What If the Market Fall 30%?
Posted June 19, 2015
on:Ever since it touched bottom on March 9th, 2009, the market has been going up and up and up with barely any hiccup. That’s dangerous! Because our minds could get complacent. That’s why I want to do a mental exercise with all of you: What would you do if the market fall 30%?
First of all, recognize these two important facts:
- Market fall of 30% and above happened every ten years or so. If we use history as a guide, we should expect a 10% odds of that happening over the next 12 months. (So don’t be surprised.)
- All market tumbles of that magnitude were recovered within 18 months in the US. (So don’t despair.)
So instead of seeing a 30% fall a bad thing: a horrible hit to your wealth, how about seeing that as a good thing: a deep discount of productive assets on sale that happens only once every decade.
Here is what you should do before, during and after a 30% fall of the market.
- Start with having an appropriate asset allocation. Depending on your age and risk tolerance, maybe it’s a 70/30 portfolio, or a 60/40 one, or a 50/50 one.
- Stick to it through good market and bad.
- Rebalance periodically or opportunistically
Let’s take a 50/50 portfolio for example. After the (stock) market tumble of 30%, the portfolio becomes 35/65. To rebalance back to 50/50, you must sell appreciated bonds and buy discounted stocks.
When you do the above over and over, you create a system of buying low and selling high.
An additional note on rebalance, to keep it simple, you can rebalance every year. The optimal rebalance however, is opportunistic not periodic. The research on that was published in Journal of Financial Analyst and it suggests a rebalance when an asset class has deviated from its target allocation by 20%. When this is done right, you can add about 40 basis points in excess return.
If you want to find out how I can help you, schedule a Discovery review with me. If you are not ready, you can still get my white paper for free: The Informed Investor: 5 Key Concepts for Financial Success.
June 19, 2015 at 10:25 pm
It would seem to me, now that we are at all time highs, each day brings us closer to a major adjustment.
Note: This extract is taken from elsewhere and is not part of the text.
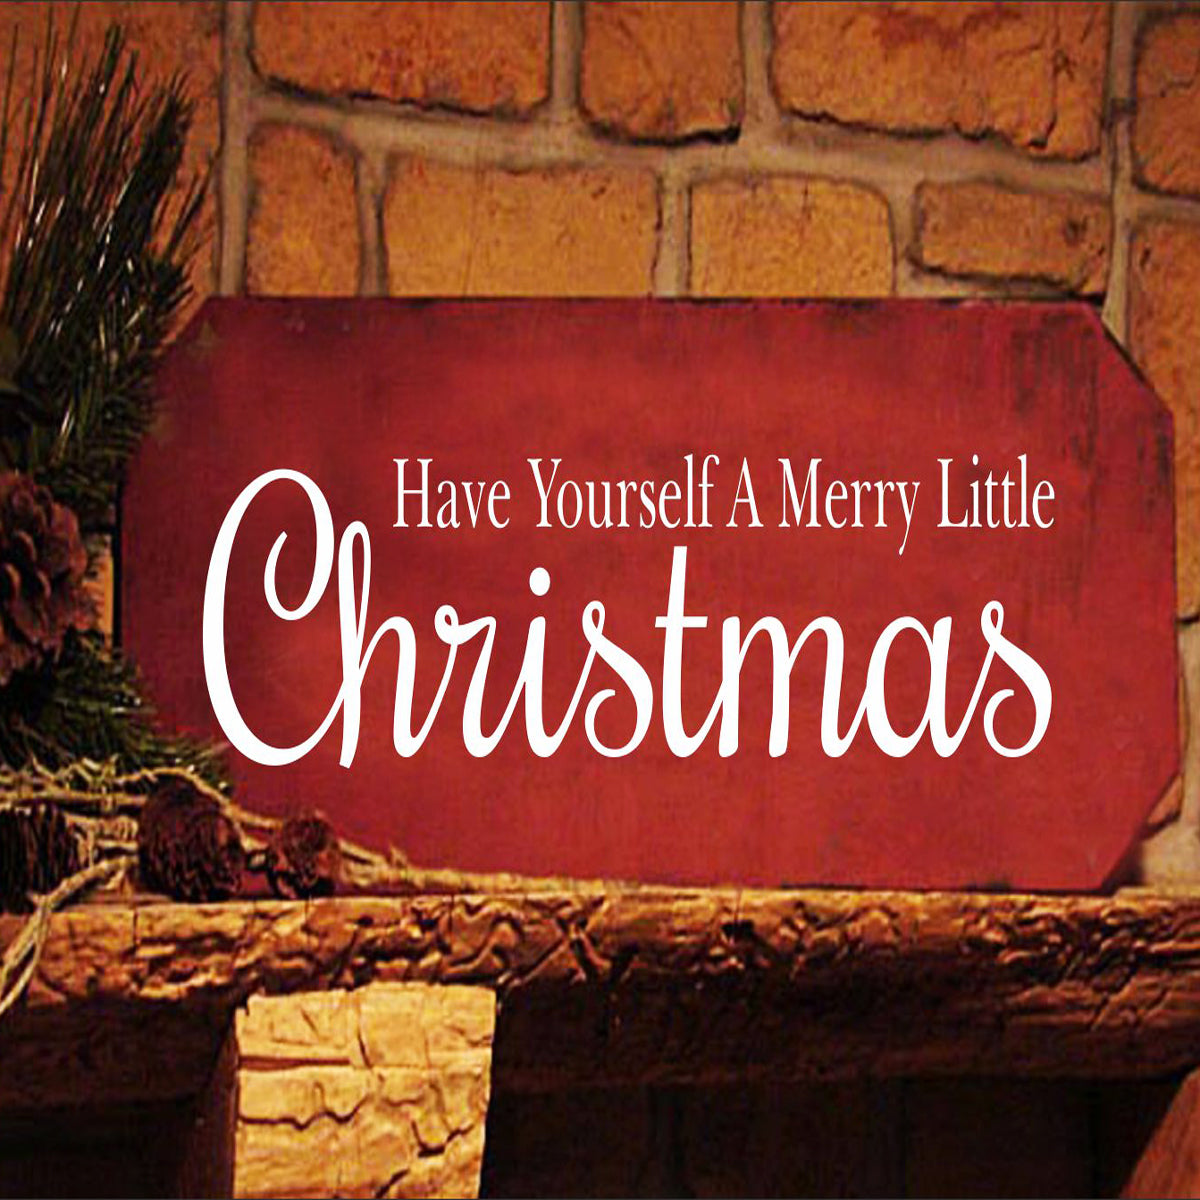 Have Yourself a Merry Little Christmas Stencil 01 - Superior Stencils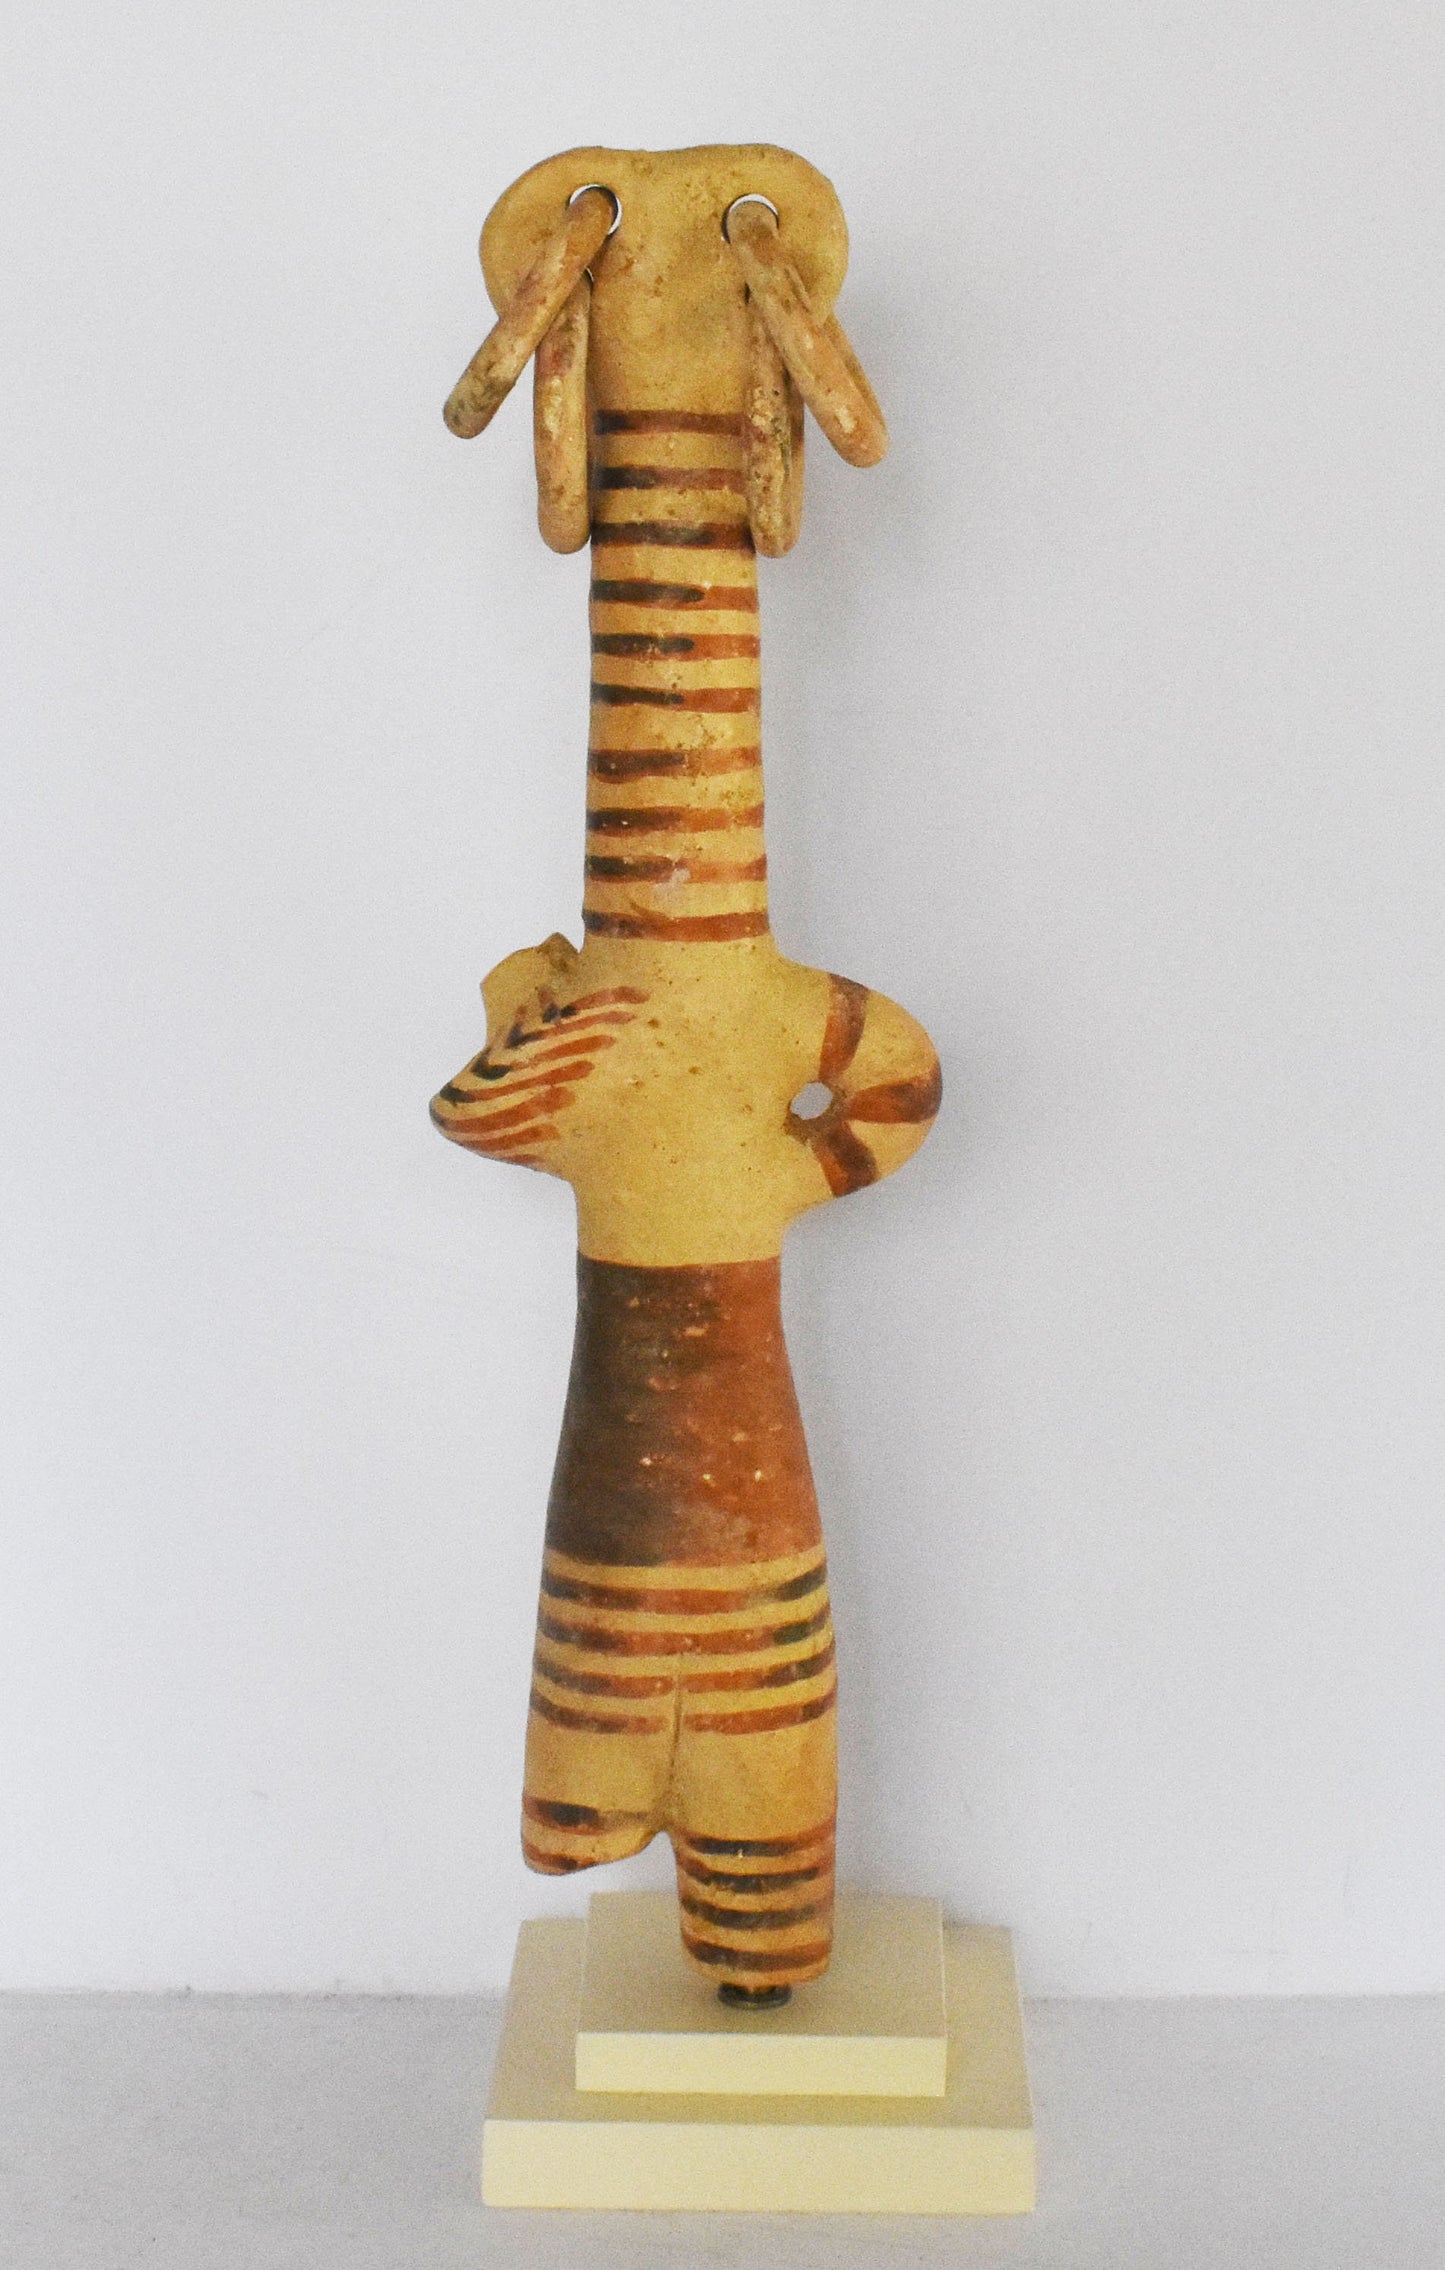 Male Tubular Idol - From Cyprus - 1900-1650 BC - Pierides Museum - Reproduction - Ceramic Artifact

In thinking this, one could partially sell the gainers to raise about 30-35% of the portfolio in cash. When that goal is reached, retain that cash for the buying opportunities presented by the correction. Not many have the discipline to do this, Holding cash undermines the earning power of the up cycle, and greed pushes us on. Investing 100% in equities amplifies the down cycle, and without cash we all fear that. It would be a personal choice based on the individuals aversion to risk and desire to enhance positions buying things on sale.